In particular, assuming an object is not visible at a time step, the controllable video generation system 100 can replace the concatenation generated for the time step with a predetermined placeholder input, and then provide the predetermined placeholder input as the input to the video generation neural network 120.
As illustrated, at the 0th time step in the T time steps, the nth object in the N objects specified in the text prompt is missing. Accordingly, the concatenation generated for the nth object at the 0th time step is replaced with a predetermined placeholder input [PAD].
At the 1st time step in the T time steps, the 0th object and the nth object in the N objects specified in the text prompt are missing. Accordingly, the concatenations generated for the 0th object and the nth object at the 1st time step are each replaced with a predetermined placeholder input [PAD].

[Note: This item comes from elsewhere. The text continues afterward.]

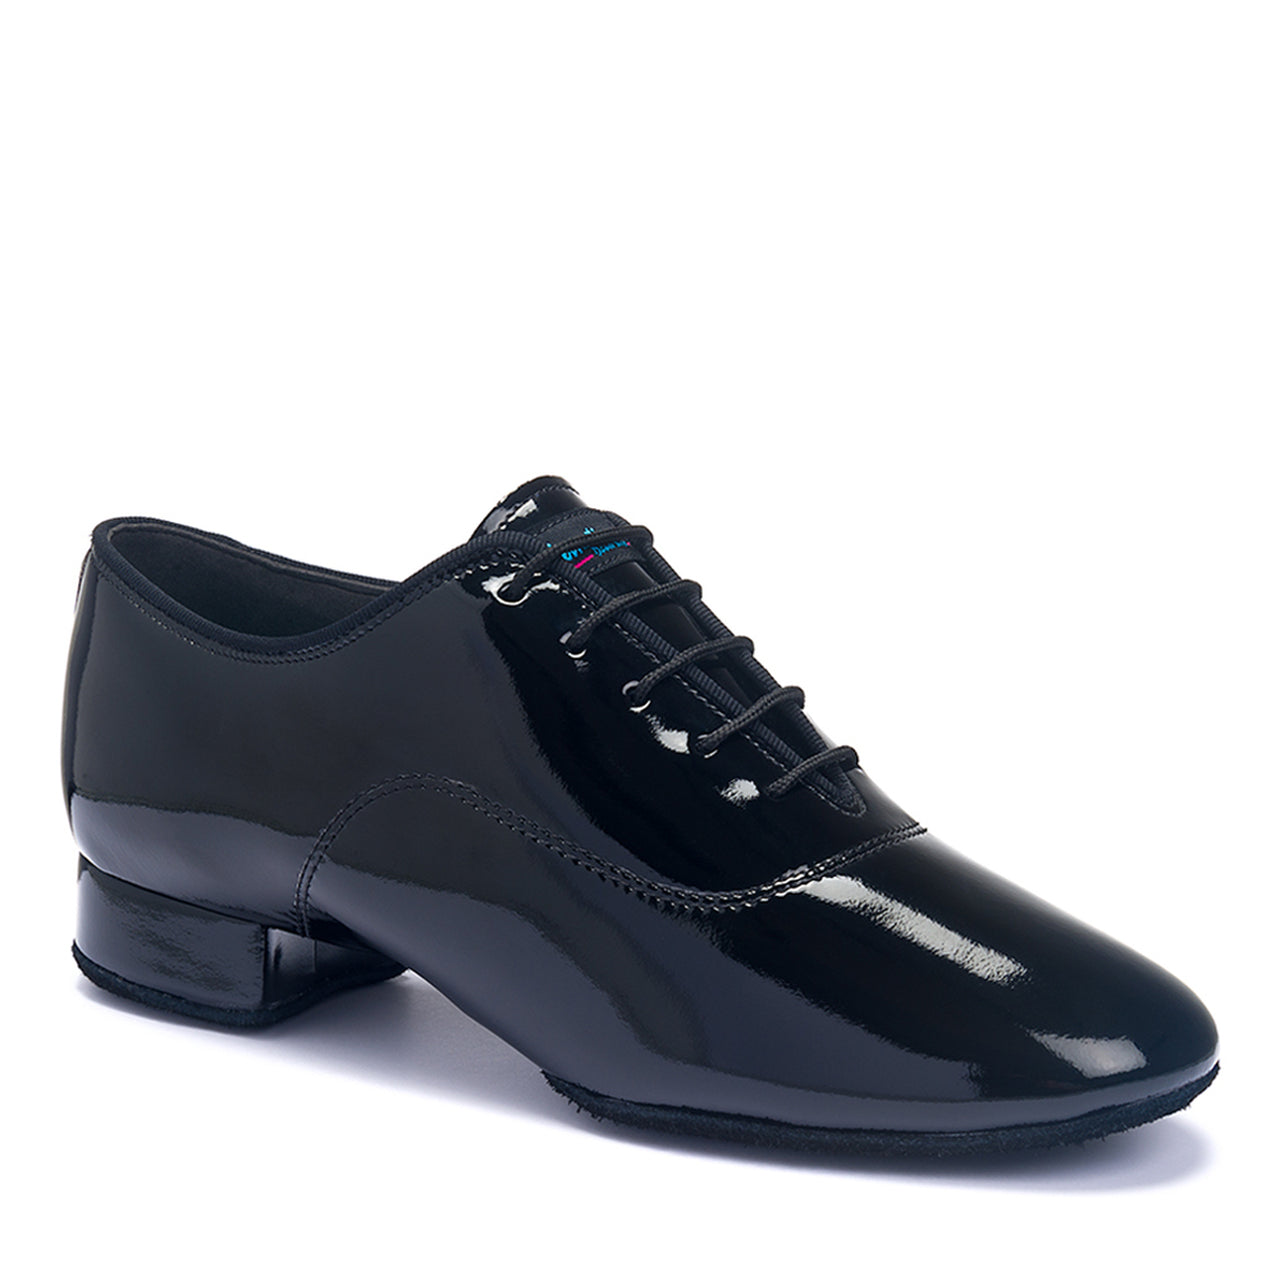 International Dance Shoes IDS Tango Men's Standard Ballroom Shoe Available in Black Calf or Black Patent

At the tth time step in the T time steps, the 1st object in the N objects specified in the text prompt is missing. Accordingly, the concatenation generated for the 1st object at the tth time step is replaced with a predetermined placeholder input [PAD].
For example, after the training, the training system 400 can output data specifying the trained joint encoder neural network 110 and the trained video generation neural network 120, including parameter data defining the trained values of the parameters of the neural networks 110, 120 and, optionally, architecture data defining the architectures of the neural networks 110, 120 to the controllable video generation system 100—and the video generation neural network 120 deploys the trained joint encoder neural network 110 and the trained video generation neural network 120 to perform inference, i.e., to generate videos 116 based on text prompts 112 and conditioning inputs 113.
To train the joint encoder neural network 110 and the video generation neural network 120, the training system 400 obtains fine-tuning data 405, e.g., as an upload by a user of the training system or from a server, and then trains the joint encoder neural network 110 and the video generation neural network 120 to determine the trained values of at least some of the parameters of the neural networks 110, 120 based on optimizing an objective function using the fine-tuning data 405.
The fine-tuning data 405 includes a plurality of training inputs. Each training input includes (i) a training text prompt which specifies one or more objects, (ii) one or more training images that each include a depiction of a respective one of the one or more objects, and (iii) training location data that defines a respective location of each of the one or more objects specified in the training text prompt. Optionally, each training input is associated with a ground truth video frame, i.e., a target video frame that should be generated by the neural networks 110, 120 based on processing the training input.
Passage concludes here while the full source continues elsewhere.